**WORK TO COMPLETE:**
In the data below, locate the line containing "Old and bad" and the line containing "Dewina cowboy boots Woman Taupe 3", then retype both and everything between them exactly. Pictures are not part of the copy.

**SOURCE DATA:**
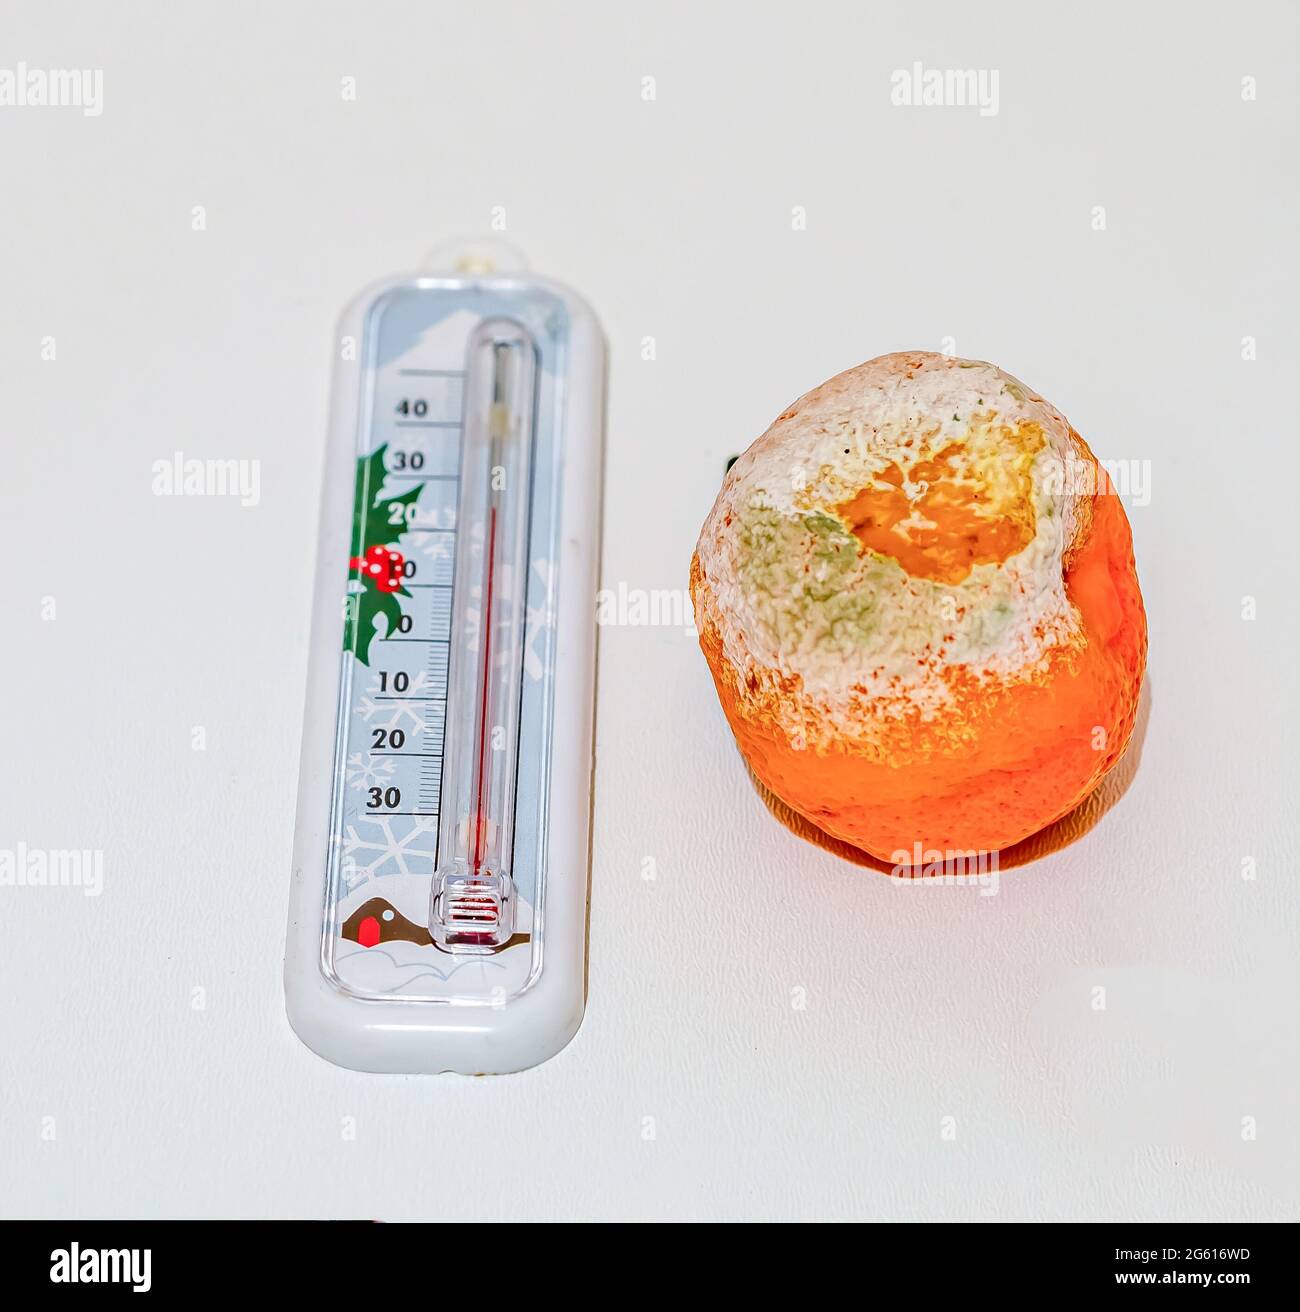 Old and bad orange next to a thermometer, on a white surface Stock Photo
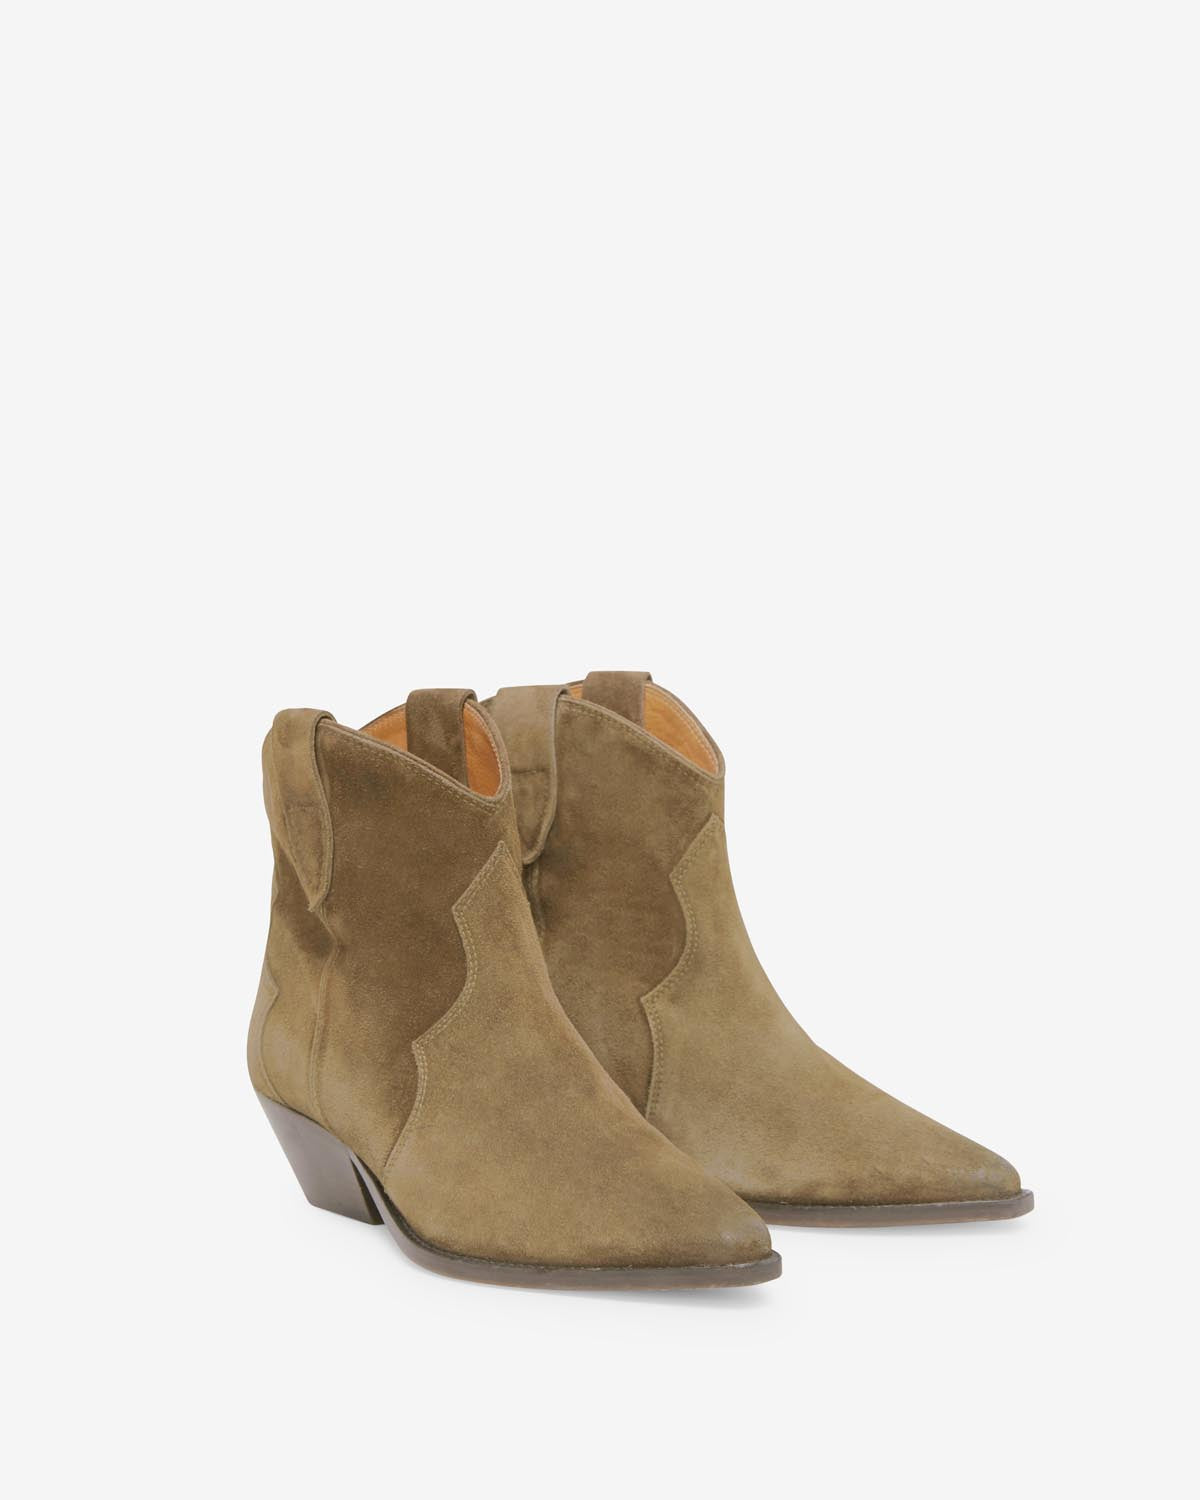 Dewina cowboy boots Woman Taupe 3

==

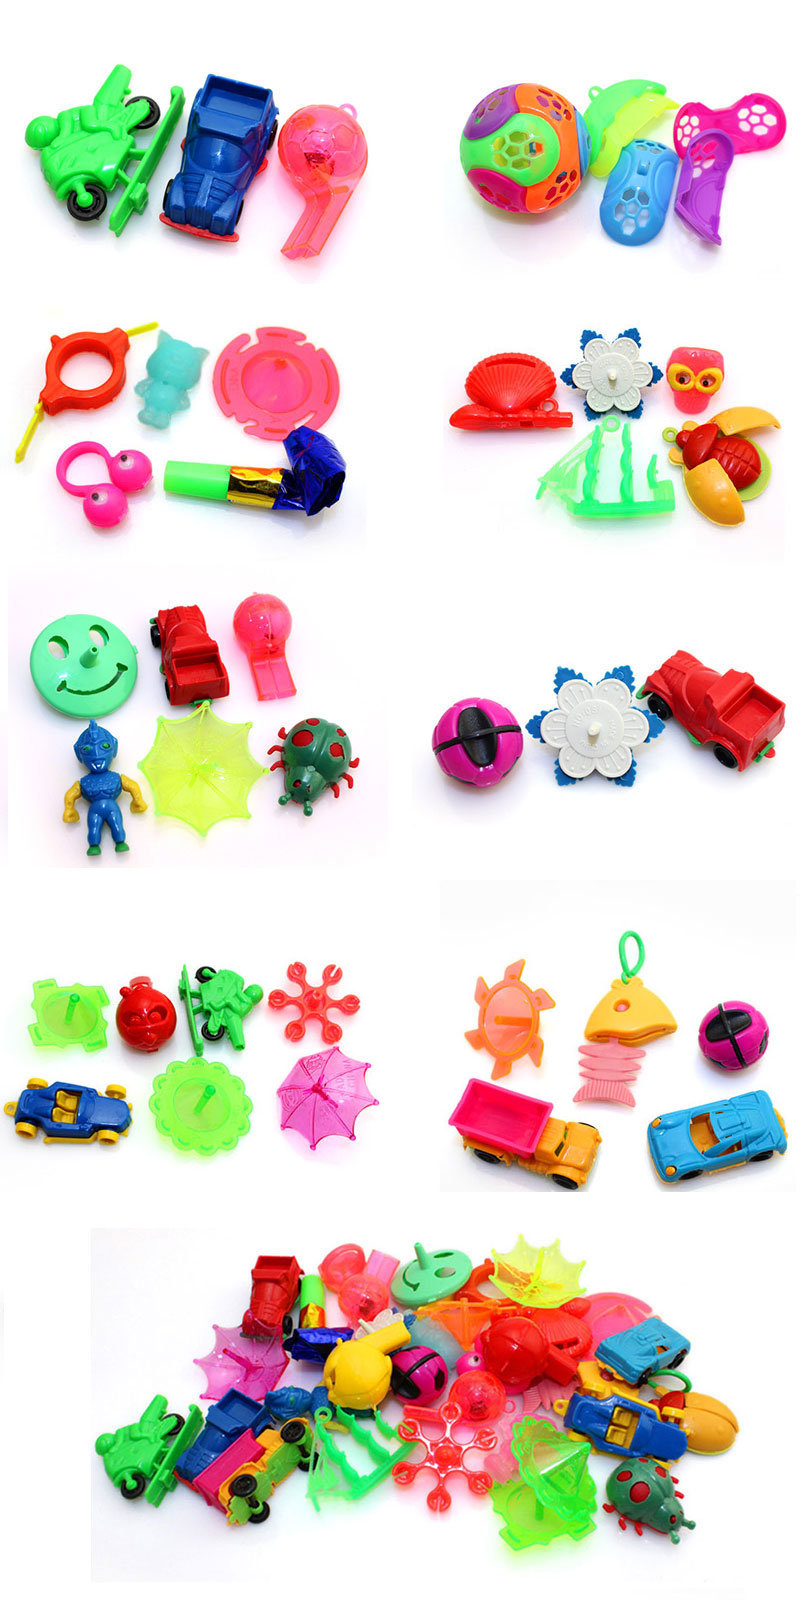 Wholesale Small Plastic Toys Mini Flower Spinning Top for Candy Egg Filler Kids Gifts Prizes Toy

**ANSWER:**
 Old and bad orange next to a thermometer, on a white surface Stock Photo
 Dewina cowboy boots Woman Taupe 3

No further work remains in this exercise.